Les fonds des clients concernés ne seraient pas nécessairement à risque, selon nos informations, le Crédit agricole Suisse étant une institution solide, qui a bonne réputation. Toutefois, une source nous mentionne qu'un client du Québec serait incapable, depuis deux semaines, de retirer les fonds qu'il a investi chez Crédit agricole Suisse aux Bahamas.

L'enquête de Desjardins a démarré il y a environ un mois lorsque le service de conformité a mis la main, par hasard, sur une télécopie en provenance des Bahamas, explique M. Chapleau. Les renseignements ont été transmis à l'Autorité des marchés financiers (AMF) et à l'organisme qui régit le travail des courtiers, soit l'Organisme de réglementation du commerce des valeurs mobilières (OCRCVM).

La Presse a obtenu le nom des neuf employés remerciés, mais Desjardins ne veut nous en confirmer aucun. Selon nos sources, le plus connu est le gestionnaire de portefeuille Marc Dalpé, qui forme une équipe avec Jean-Marc Millette, également congédié. M. Dalpé est une référence dans le milieu. Il est souvent cité dans les médias et il a même été membre du comité consultatif de l'OCRCVM.

L'homme de 52 ans a siégé sur de nombreux conseils d'administration d'entreprises en Bourse, indique le site internet de Desjardins. Il s'est vu décerner des prix par la Chambre de commerce de Montréal et par l'école HEC Montréal pour ses qualités de leadership, d'innovation et de décision. Il n'a pas répondu aux appels de La Presse.

La Presse n'a pu savoir comment des conseillers de succursales si éloignées l'une de l'autre ont pu faire des transactions avec la même institution des Bahamas. Avaient-ils un contact commun? «Rien ne nous permet de croire que ces neuf personnes agissaient de concert», a dit M. Chapleau.

Les clients de Desjardins des neuf courtiers et leurs portefeuilles seront transférés à d'autres conseillers. André Chapleau nous a indiqué que ce transfert touchera quelques milliers de clients, dont l'actif  sous gestion totalise plusieurs centaines de millions de dollars.
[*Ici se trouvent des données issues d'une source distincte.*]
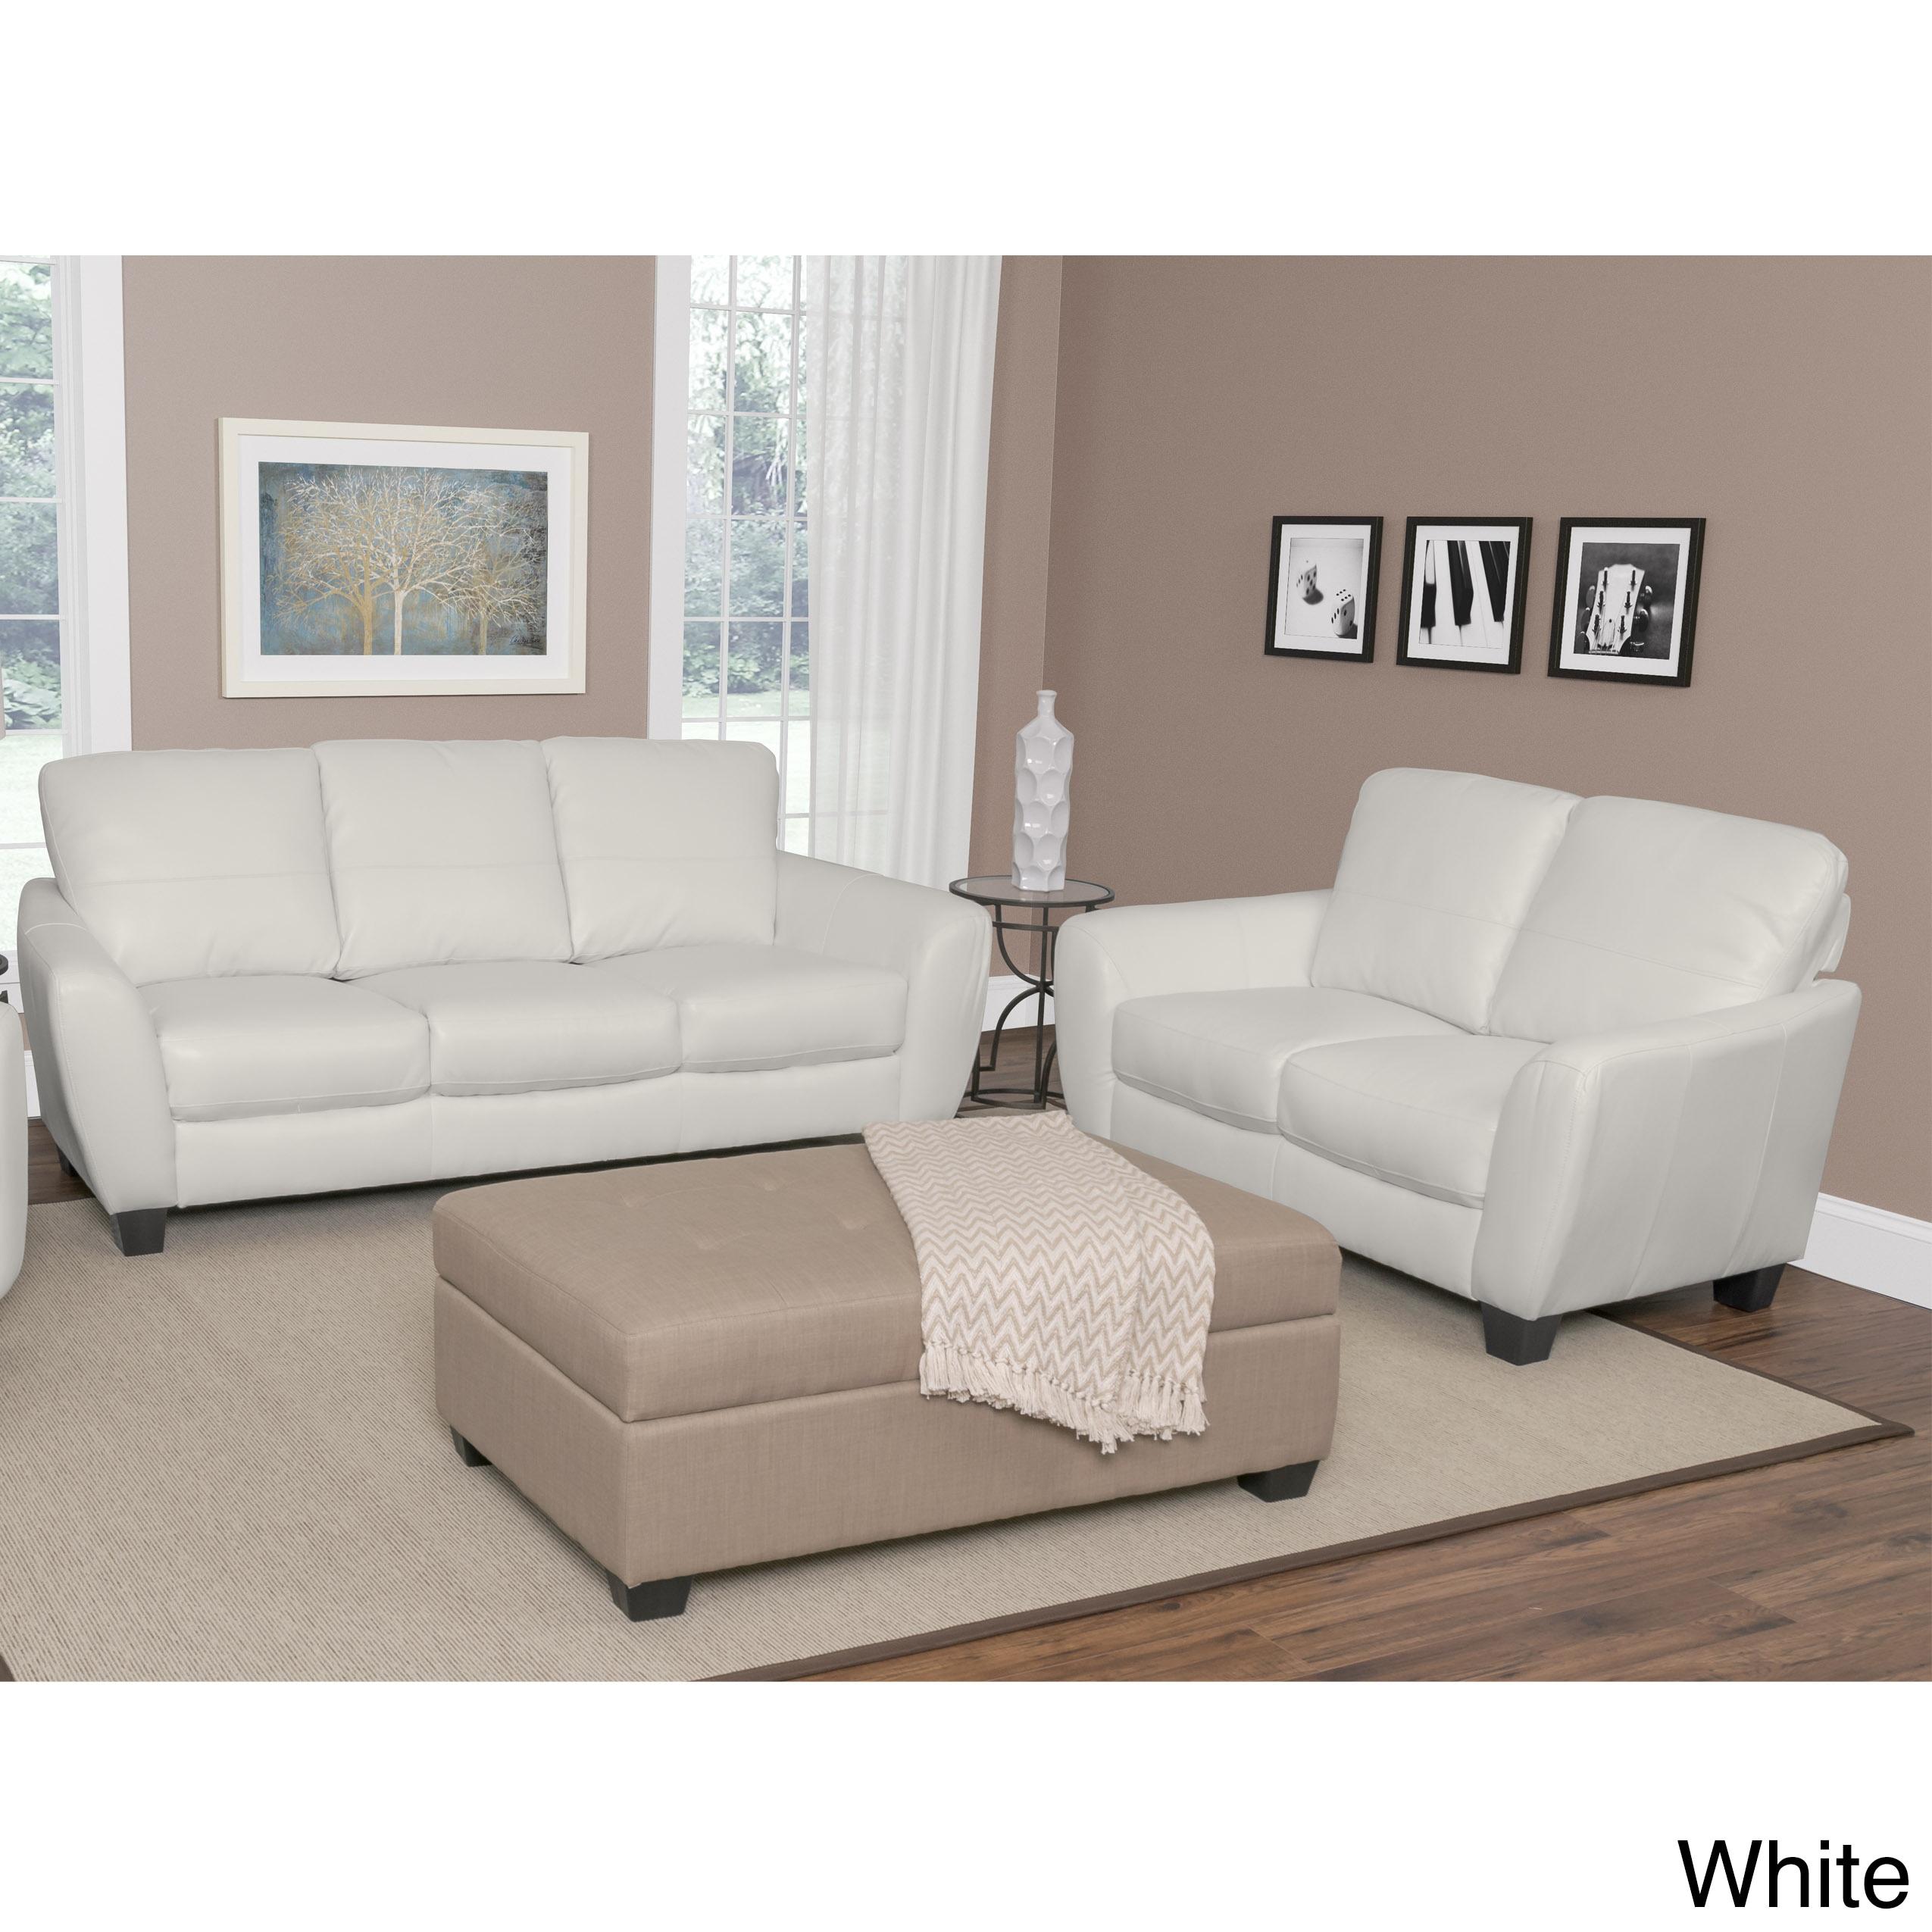 CorLiving Jazz 2-piece Bonded Leather Sofa Set (White)
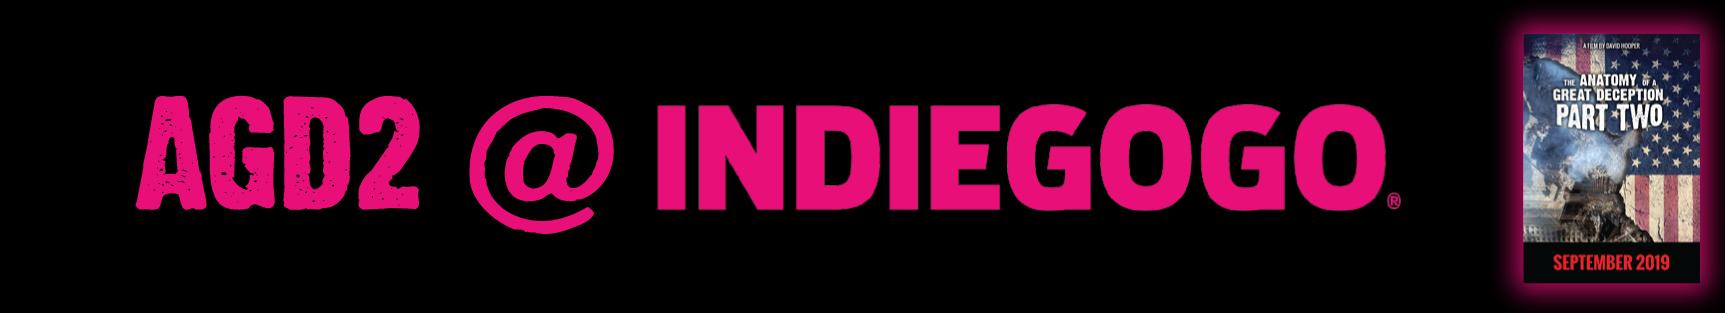 IndieGoGo Link AGD2

Nous avons contacté le Crédit agricole Suisse aux Bahamas et en Suisse, mais il n'a pas été possible d'obtenir de commentaires. La filiale des Bahamas du Crédit agricole Suisse a été achetée des mains de la Banque Nationale du Canada en 2008.

Les transactions avec des comptes outre-mer ne sont pas nouvelles. Le Québécois Martin Tremblay, installé aux Bahamas, a longtemps rendu des services aux courtiers et clients canadiens avant d'être emprisonné aux États-Unis pour blanchiment d'argent, en 2007.

Typiquement, les courtiers du Québec impliqués dans de telles transactions commencent par conseiller à leurs clients de transférer des fonds dans un compte bancaire outre-mer. Les fonds sont généralement transférés par voie électronique dans le cadre d'un investissement dans une société anonyme.

Ensuite, cette société devient cliente du courtier du Québec. Elle peut donner des ordres au courtier, par exemple, pour faire des transactions boursières. Généralement, le courtier indique à son client qu'il doit déclarer ses transactions au fisc, mais le client est libre de le faire ou non par la suite.

«On ne sait pas combien de clients sont impliqués, ni lesquels, puisque ces transactions ont été faites dans notre dos et c'est ce qu'on dénonce, dit André Chapleau. Peut-être que les autorités pourront avoir plus de détails.  Chose certaine, pas un seul de nos clients réguliers, même ceux qui faisaient affaire avec les personnes congédiées, ne vont subir de pertes ou de conséquences de cette affaire pour leurs transactions régulières».